The file is a JSON array, where each element is an object containing two keys:

- `regex`: A regular expression (in Python regex syntax) that matches parts of the URL that need to be replaced.
- `replaced_by`: A string specifying the replacement value for the matched parts of the URL.

Example:

```json
[
  {
    "regex": "http://example.com/old-path",
    "replaced_by": "http://example.com/new-path"
  },
  {
    "regex": "https://(.*)/deprecated",
    "replaced_by": "https://\\1/updated"
  }
]
```

In this example:

- URLs starting with `http://example.com/old-path` will be replaced with `http://example.com/new-path`.
- Any URL containing `/deprecated` after the domain will have `/deprecated` replaced with `/updated`.

#### How to Use

1. Create a file named `uri_replacements.json` in the script's directory.
2. Define the desired replacements in the JSON array format described above.
3. Run the script as usual. If the file exists, replacements will be applied automatically.

By using `uri_replacements.json`, you can streamline URL handling and ensure consistent preprocessing for your link-checking tasks.

## Docker

You can run the script in a Docker container. See the [Dockerfile](./Dockerfile) for more information.

### Build and Run

1. Build the Docker image:

    ```sh
    docker build -t dcat-catalog-check .
    ```

2. Run the Docker container:

    ```sh
    docker run --rm dcat-catalog-check --url https://example.com 
    ```

## Tests

To ensure the quality of the code, we utilize **unittest** for testing and **coverage** to measure code coverage. Follow the instructions below to run the tests and generate coverage reports.

### Running Tests

To run the tests with coverage, you can use either of the following commands:

```sh
# Using Python directly
python3 -m coverage run -m unittest
```

or

```sh
# Using Poetry
poetry run coverage run -m unittest
```

### Generating a Coverage Report

After running the tests, you can generate a coverage report to see which parts of your code were exercised during testing:

```sh
# Using Python directly
python3 -m coverage report
```

or

```sh
# Using Poetry
poetry run coverage report
```

### Code Linting

For code linting, we use **ruff** to enforce style and catch potential issues.
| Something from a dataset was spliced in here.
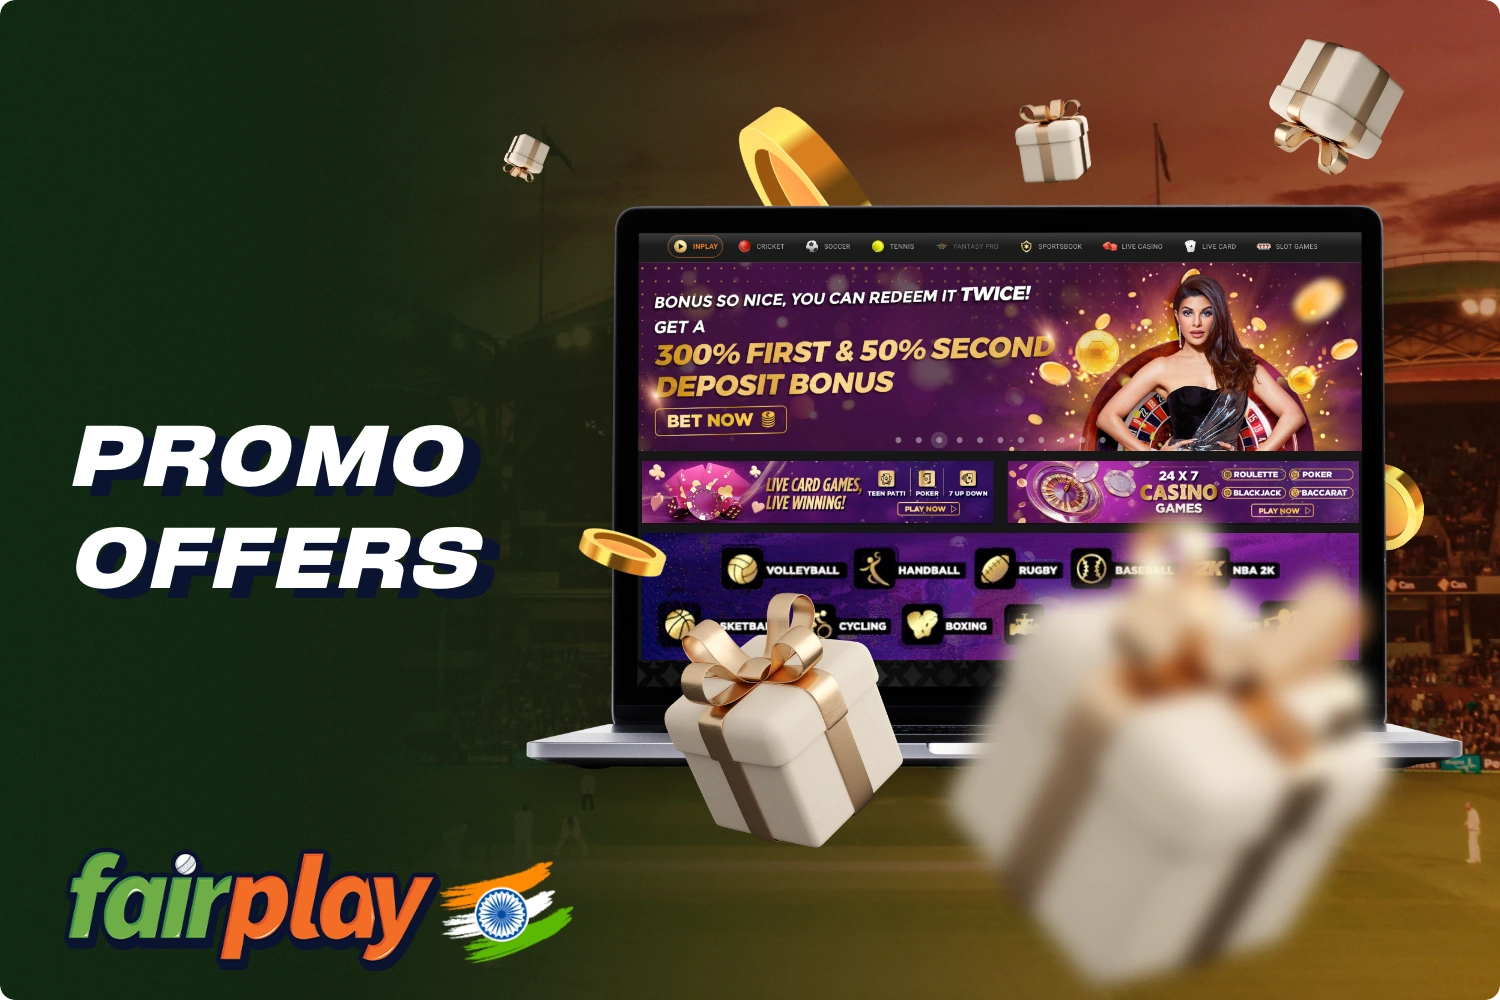 Fairplay offers its Indian users many different promotions to get extra bonuses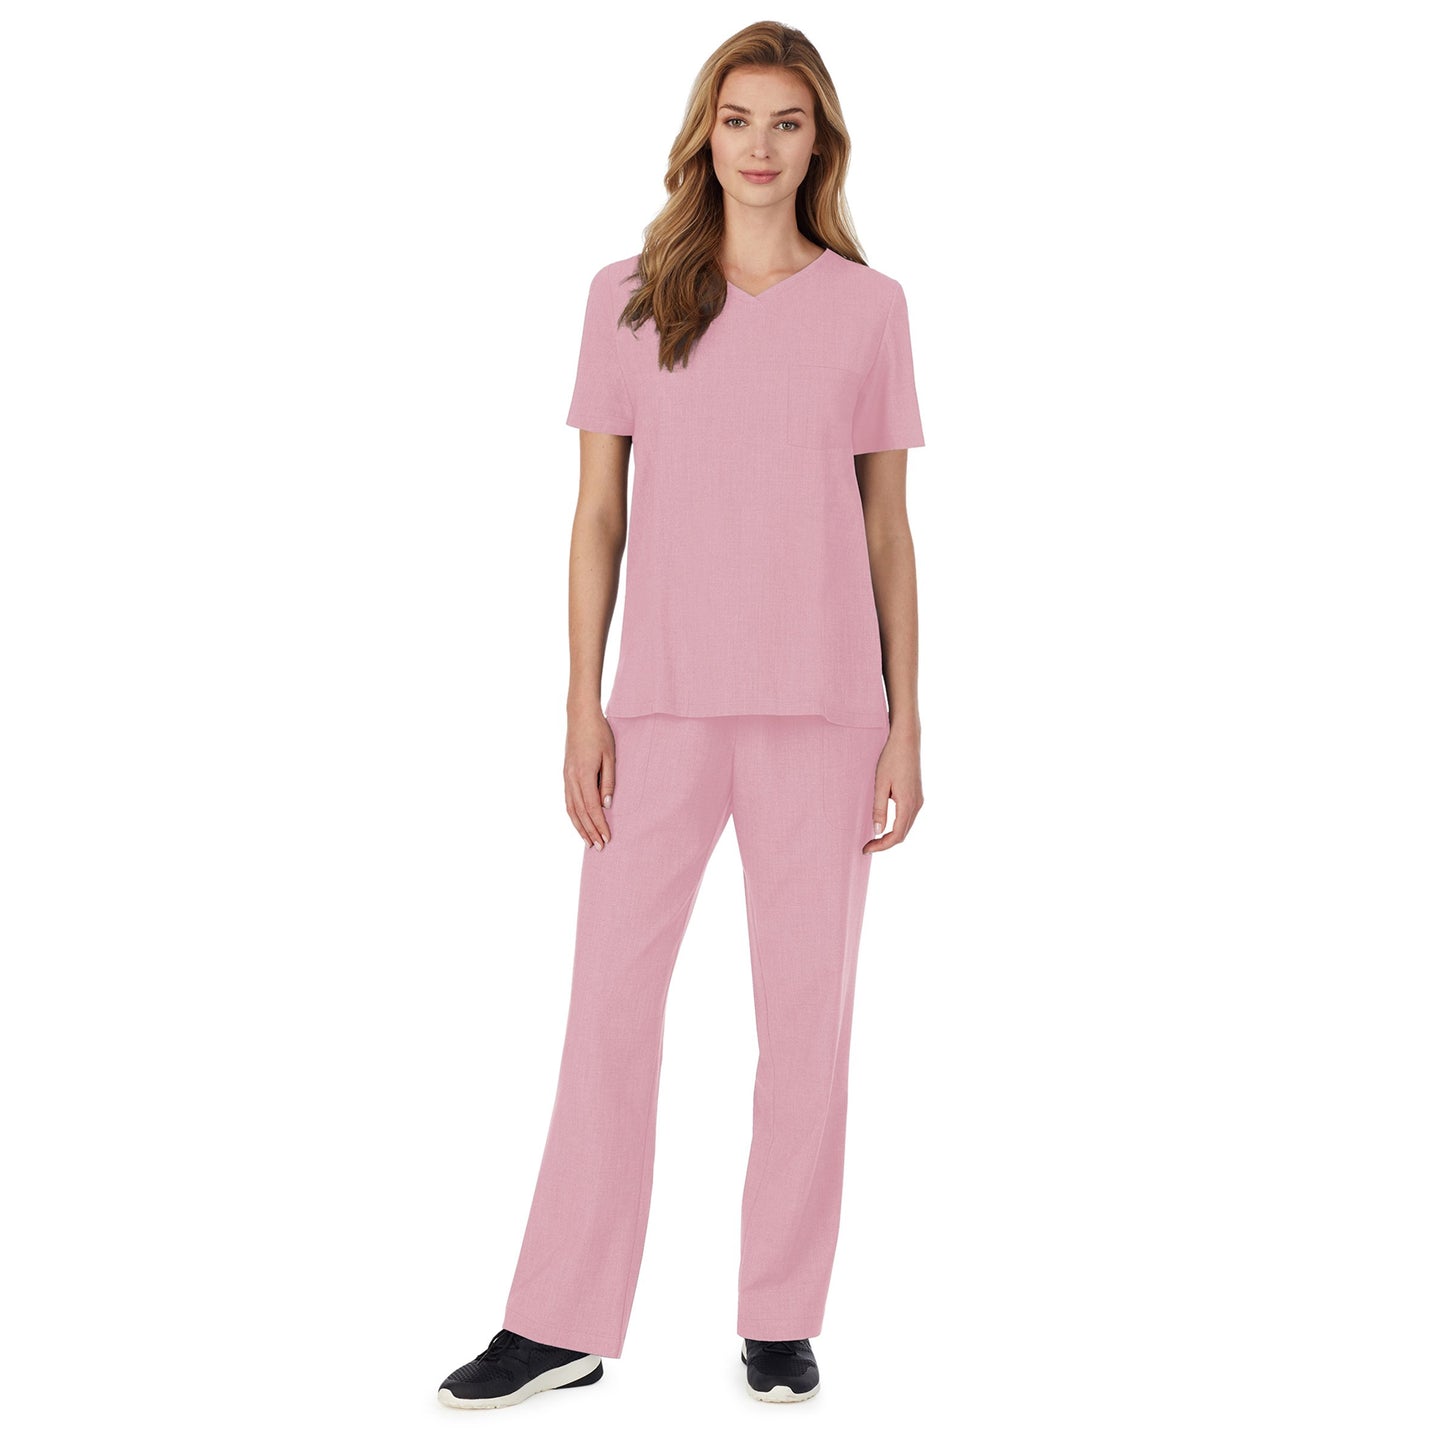 Cameo Pink Heather;Model is wearing size S. She is 5’9”, Bust 32”, Waist 23", Hips 34.5”.@A lady wearing Cameo Pink Heather short sleeve scrub v-neck top with chest pocket.

Run the following command to lint your code:

```sh
# Using Python directly
python3 -m ruff check .
```

or

```sh
# Using Poetry
poetry run ruff check .
```

## Contributing

Contributions are welcome! Please open an issue or submit a pull request
with your changes.

## License

This project is licensed under the European Union Public License 1.2.
See the [`LICENSE`](./LICENSE) file for details.